> [Problem to solve]:
All that is wanted is the exact text of the lines below from the one with "Lamborghini Gallardo In" through the one with "ZONEPACK Digital Automatic", inclusive, minus any pictures.

> [Records for processing]:
===

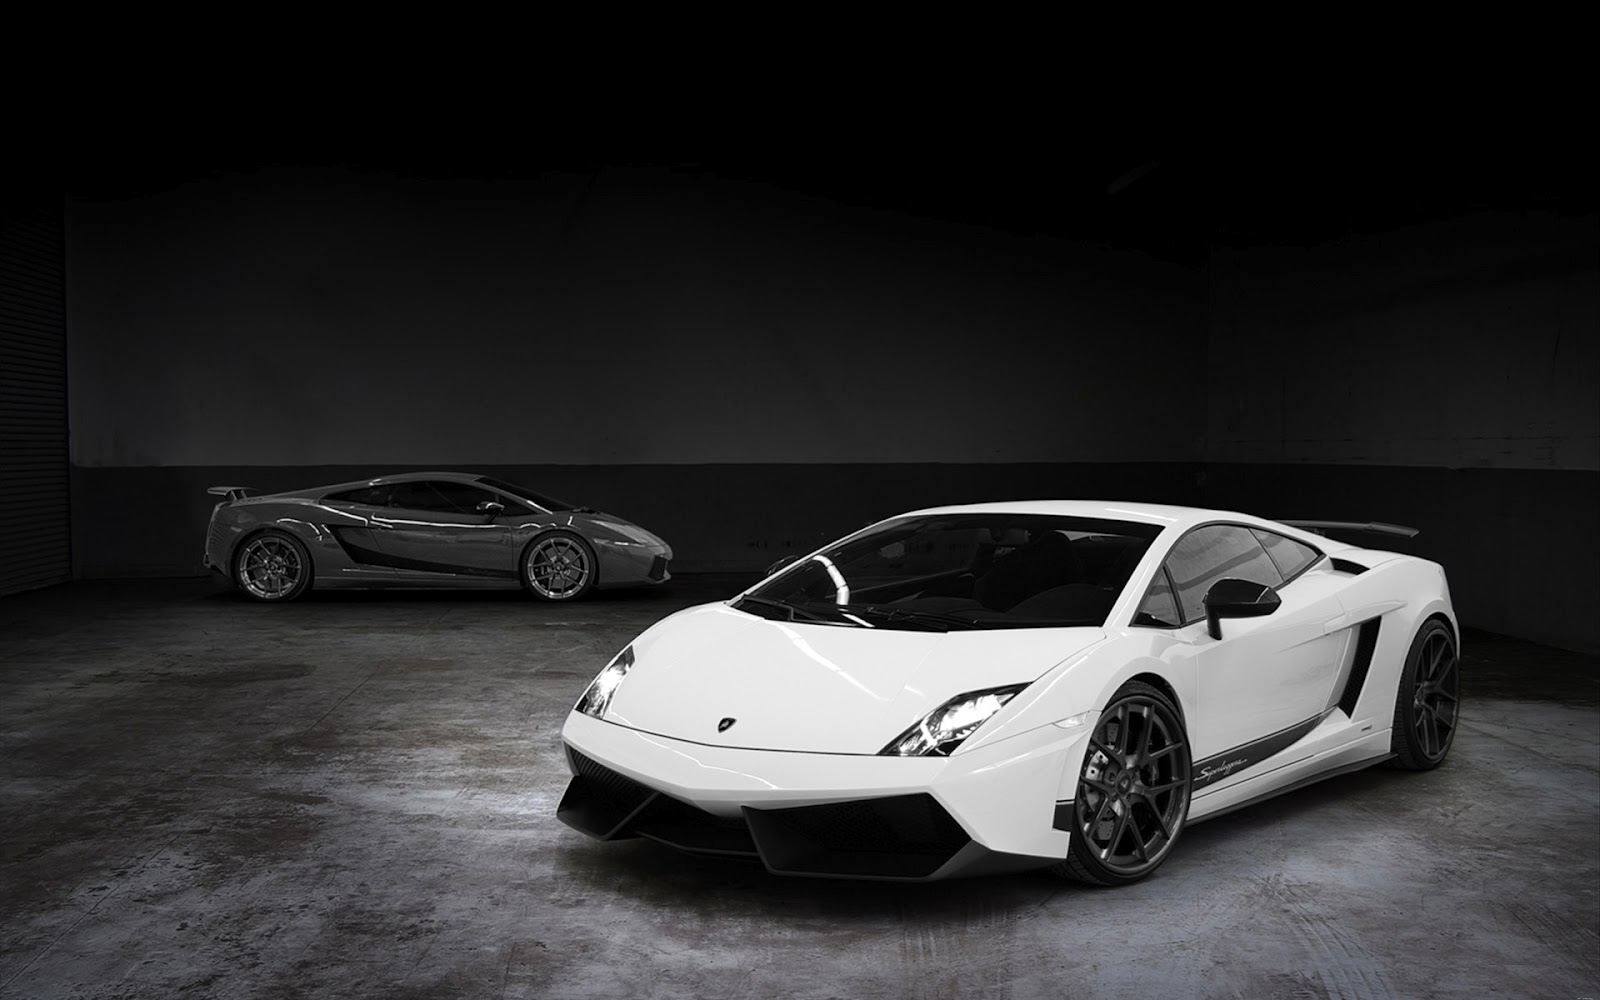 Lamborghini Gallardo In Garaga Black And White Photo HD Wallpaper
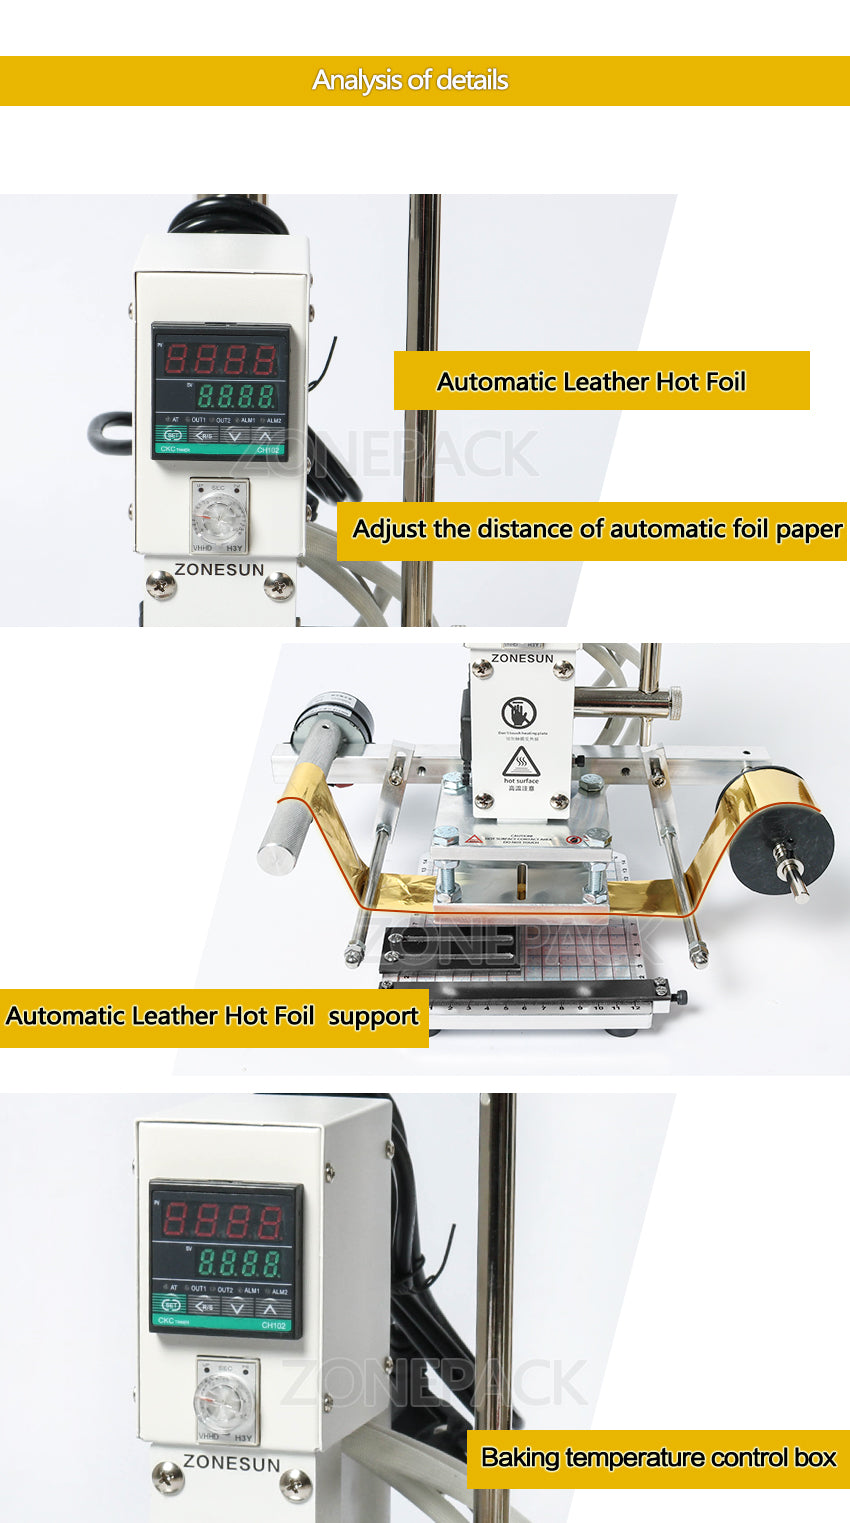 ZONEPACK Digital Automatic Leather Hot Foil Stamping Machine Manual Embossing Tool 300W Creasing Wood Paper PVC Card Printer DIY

===

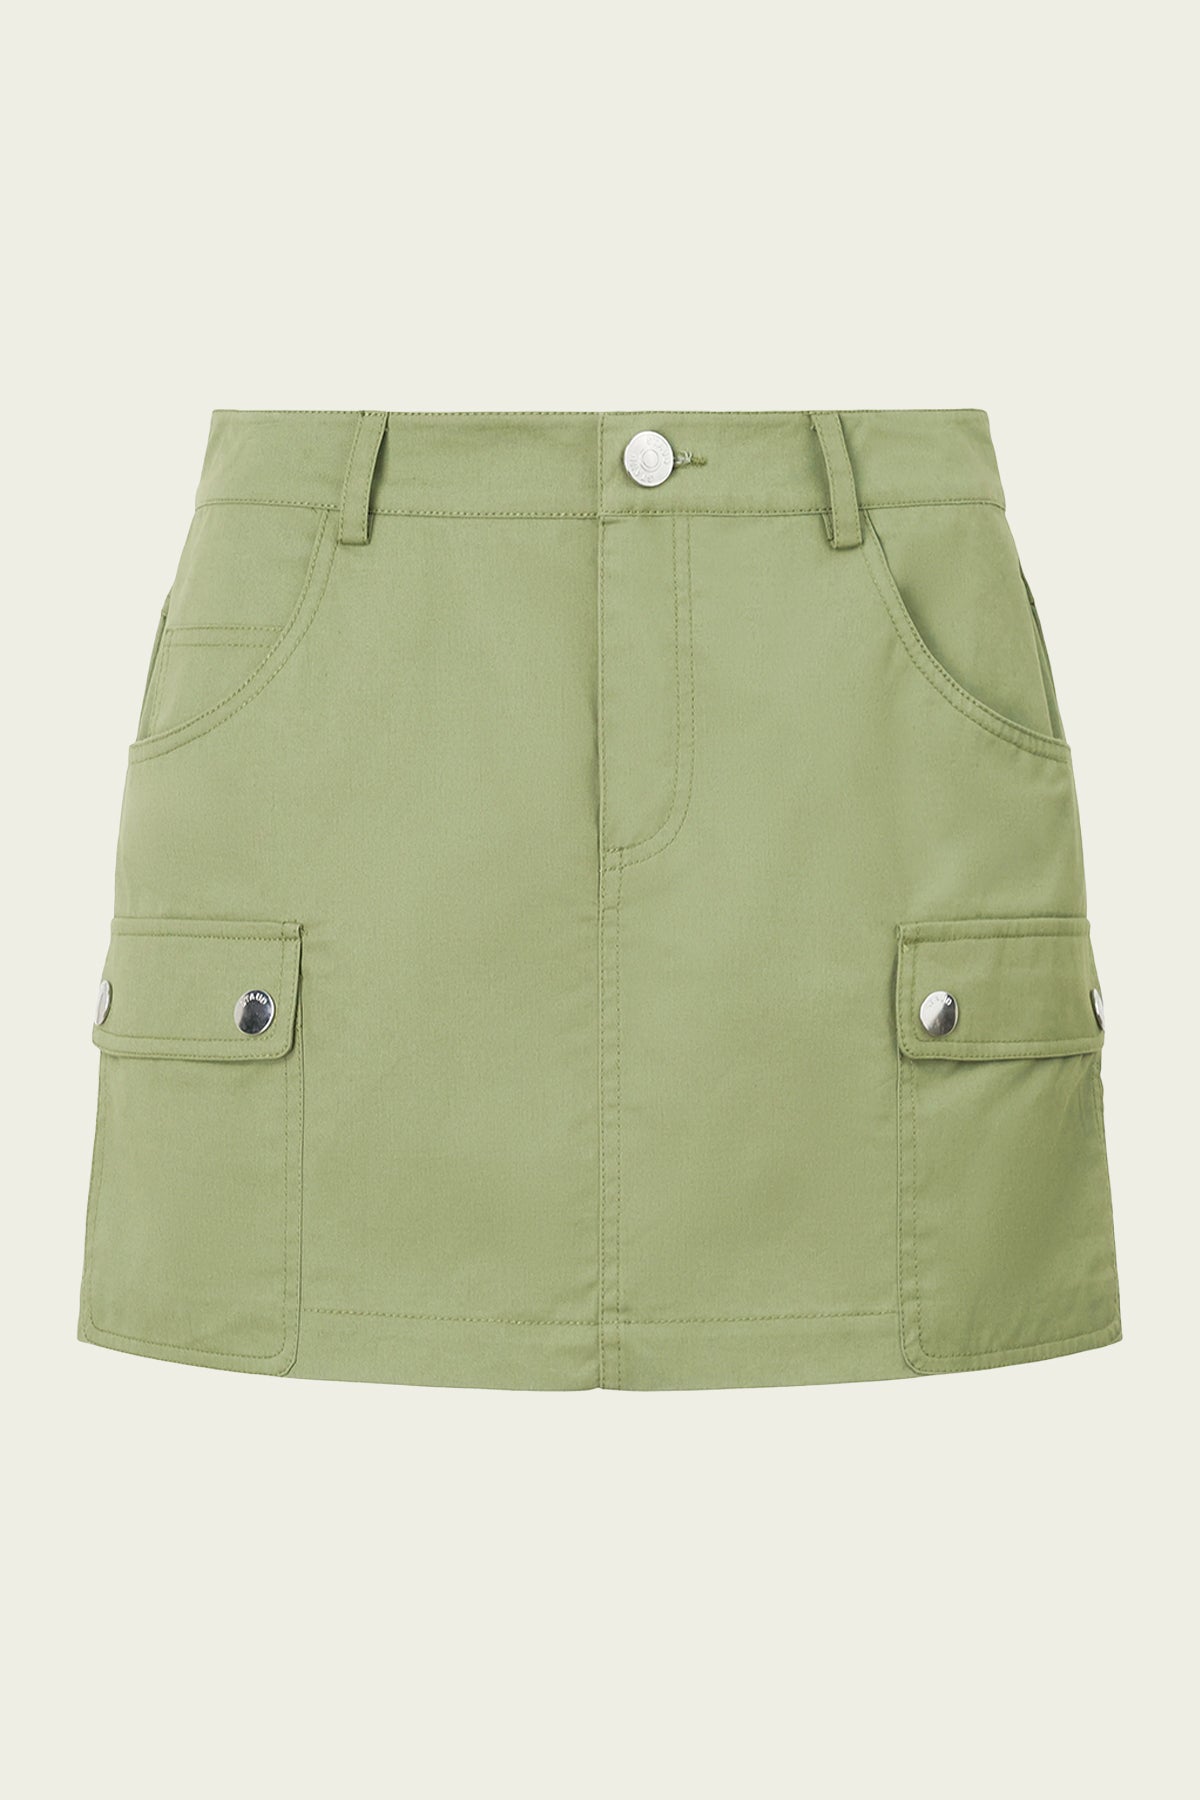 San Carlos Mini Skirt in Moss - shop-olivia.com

===

> [Your solution]:
 Lamborghini Gallardo In Garaga Black And White Photo HD Wallpaper
 ZONEPACK Digital Automatic Leather Hot Foil Stamping Machine Manual Embossing Tool 300W Creasing Wood Paper PVC Card Printer DIY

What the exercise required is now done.